中国製ノンフライヤーが個人情報を盗み出し、中国政府に送っている「スパイ」であるという突拍子もない主張が、オンライン上で話題となっている。ファクトチェック専門サイト「スノープス(Snopes)」は、11日(現地時間)にこのような内容がSNS上で拡散されていることを確認し、その真偽を調査した。
スノープスによれば、この中国製ノンフライヤーに関する「スパイ説」は、2022年11月に英国の消費者監視機関が発表した報告書に端を発している。この報告書では、シャオミやコソリ、アイゴスターなど、中国企業が供給するノンフライヤーのAndroidアプリが、ユーザーのオーディオ録音や位置情報の権限を要求していることを指摘している。さらに、これらの情報がユーザーに明示されることなく中国のサーバーに送信されていると報告された。
これをきっかけに、中国製ノンフライヤーを疑う投稿がSNS上で相次いだ。技術ジャーナリストのキム・コマンドーは、2022年12月に共演者のアンドリュー・バビンスキーとこの話題について討論した映像をInstagramに投稿した。また、ウェブアーカイブサイト「アーカイブトゥデイ」には、ノンフライヤーの写真とともに「中国のスパイが建物内にいる」という投稿が掲載された。

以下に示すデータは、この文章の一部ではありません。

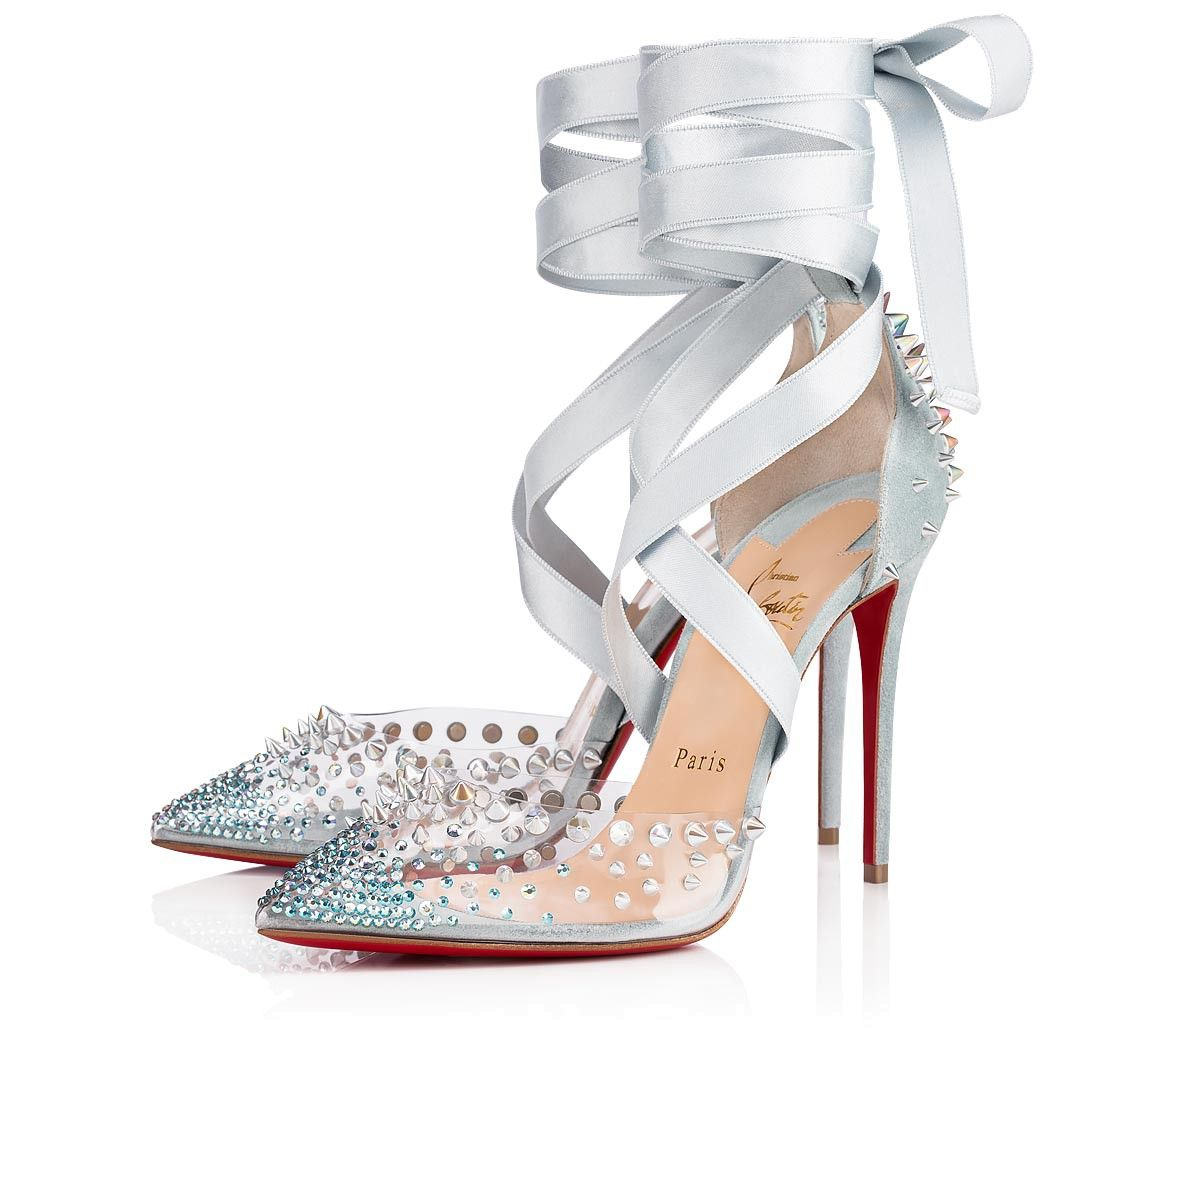 8350dc3f7860d Mechante Reine 100 Version Nuage Strass - Women Shoes - Christian Louboutin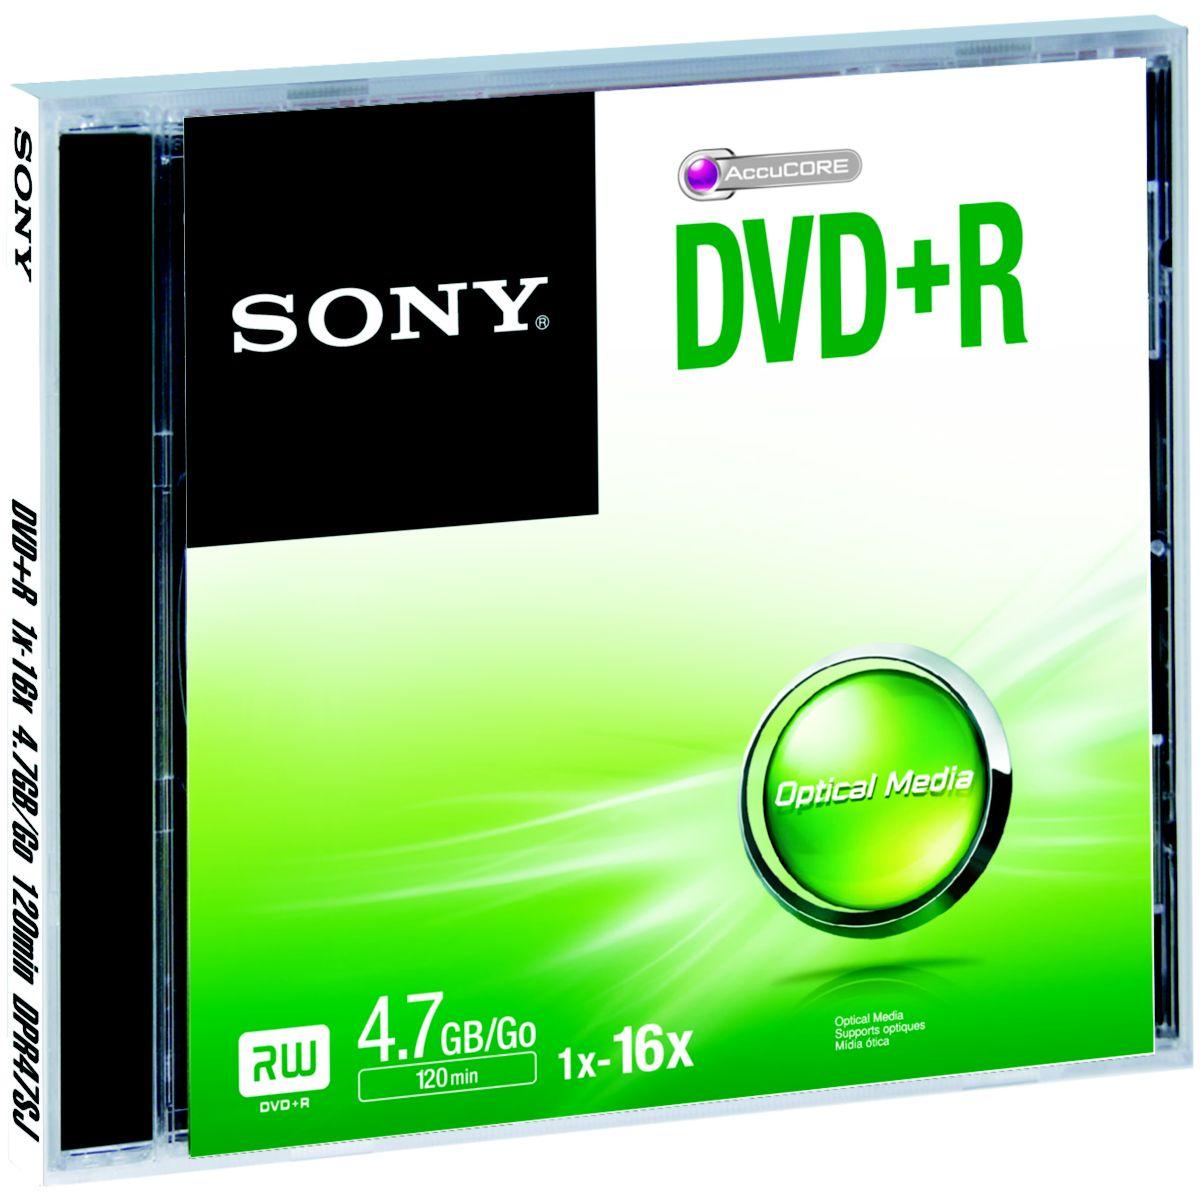 DVD SONY DVD+R 4.7GB X5

しかし、スノープスはSNS上で広まっている噂とは異なり、中国製ノンフライヤーのアプリが収集した情報が「スパイ活動」の目的で使用されたという証拠は見つからなかったと結論付けた。また、「スパイ活動」という言葉が、一般的な「監視」の意味で用いられている可能性があるとも補足している。スノープスは、「中国製ノンフライヤーのデータ収集がユーザーに十分に説明されていない点は問題視されるべきだが、それをもって『スパイ活動』と断定するのは時期尚早」との見解を示している。